The Authority Doctrine

AI may automate execution.

Legal accountability cannot be automated.

As autonomous systems expand into operational, financial, and safety-sensitive domains, authority and liability must remain anchored to legally accountable human institutions.

This doctrine establishes the constitutional baseline for delegated autonomy.

Execution may be automated.

Authority remains institutional.

Why This Matters

Autonomous systems amplify speed, scale, and consequence.

When authority is delegated without defined structural boundaries, risk concentrates silently.

Authority must scale proportionally to risk and consequence.

Low-impact automation may operate within bounded envelopes.

Life-critical or irreversible harm domains require non-detachable human institutional authority.

Core Principles

1. Authority Precedes Execution

No autonomous system should execute actions without formally defined delegation boundaries.

Authority must be explicitly assigned before capability is deployed.

2. Delegation Scales With Consequence

Delegation is not binary.

Authority must scale proportionally to risk and consequence.

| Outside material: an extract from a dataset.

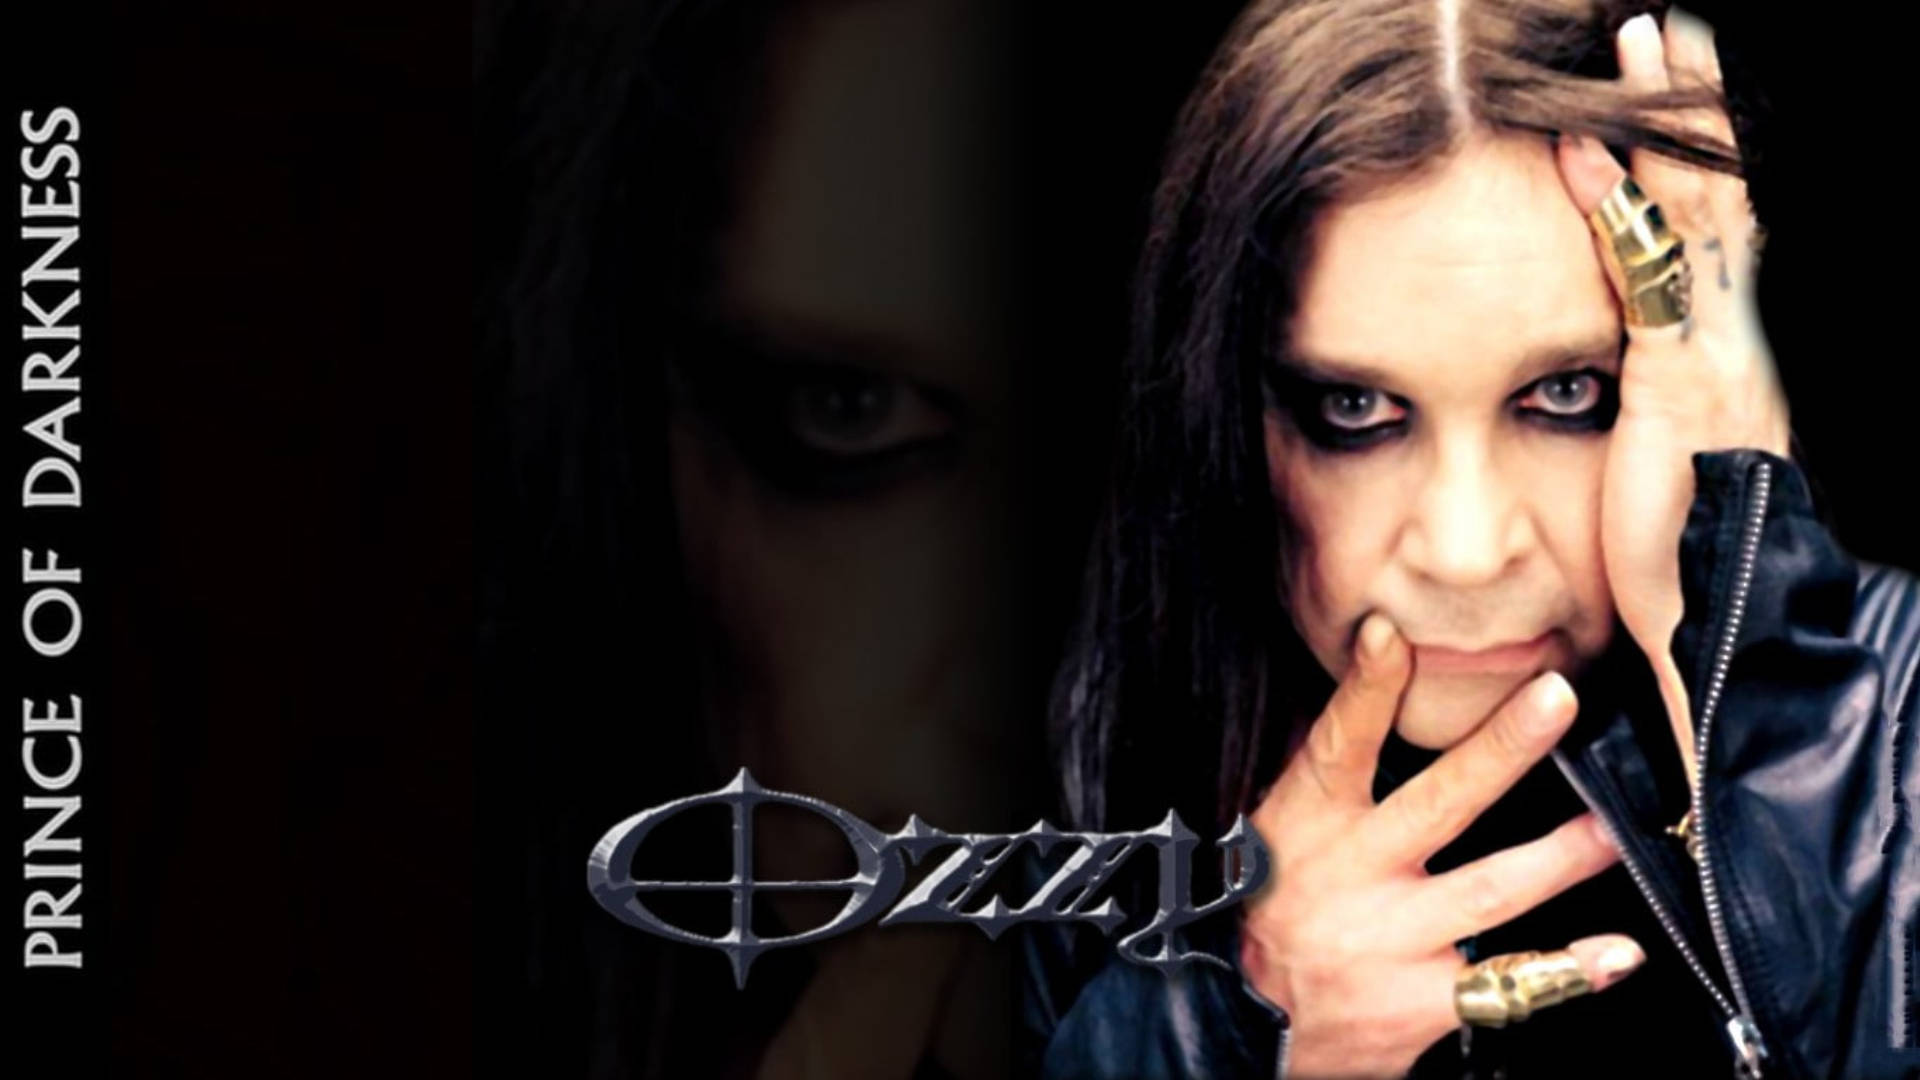 Ozzy Osbourne Prince Of Darkness Background
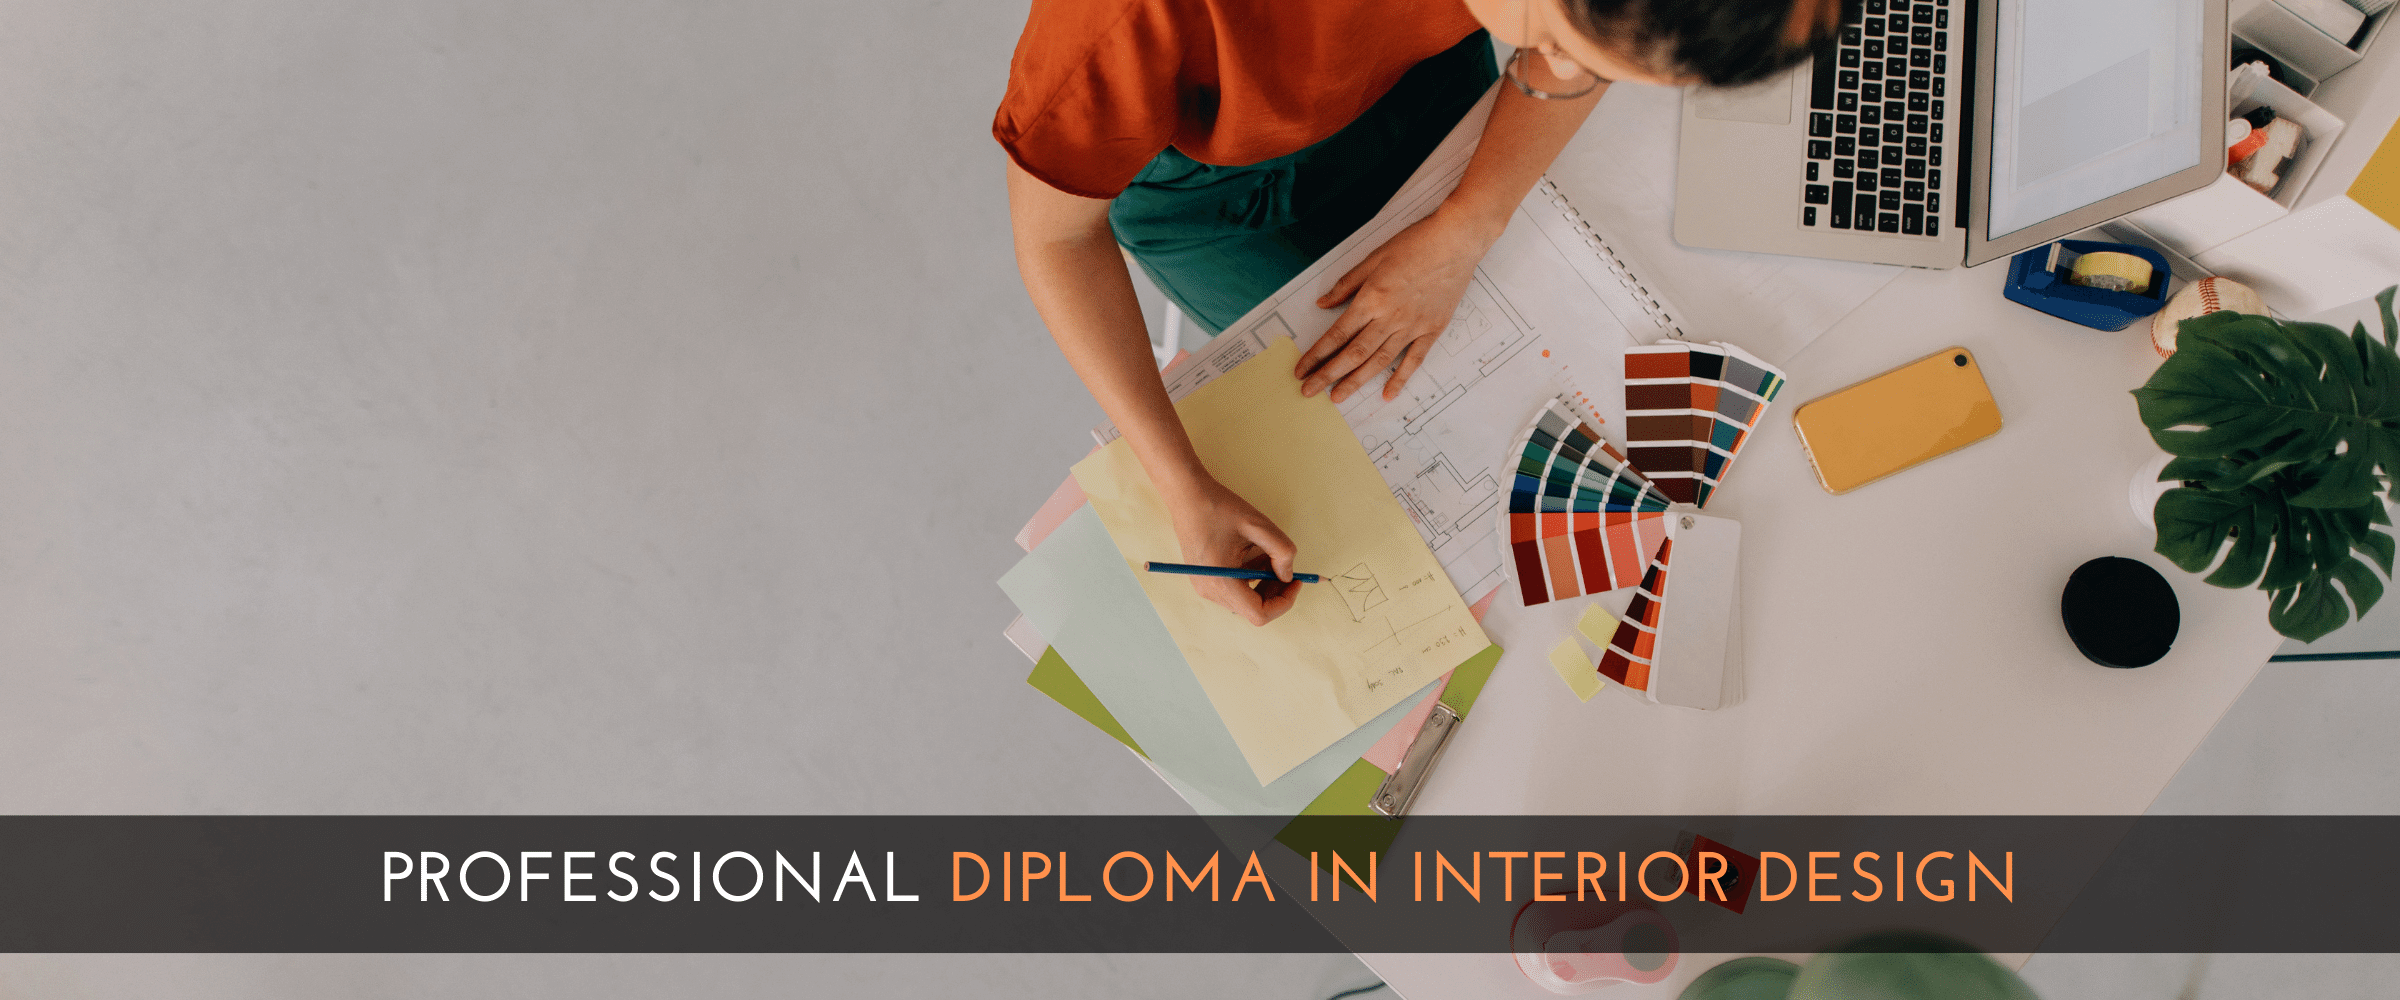 Professional Diploma in Interior Design LCA

Low-impact automation may operate within bounded envelopes.

Life-critical or irreversible harm domains require non-detachable human institutional authority.

3. Accountability Must Be Identifiable

Every delegated authority must map to a legally responsible entity.

Liability cannot be abstracted into runtime logic.

Governance ensures accountability remains traceable, enforceable, and revocable.

Embedded Governance Architecture

Authority architecture must be reflected across the system lifecycle:

  • Model design assumptions
  • Platform and runtime controls
  • Deployment approval gates
  • Supervisory and revocation mechanisms

Governance is not documentation.

It is structural architecture.

Institutional Responsibility

Under current legal frameworks, liability and accountability remain anchored to identifiable human and corporate entities.

Autonomous systems do not assume fiduciary duty.

Authority cannot detach from accountable institutions.

This doctrine provides the constitutional foundation for the ASRGM governance architecture.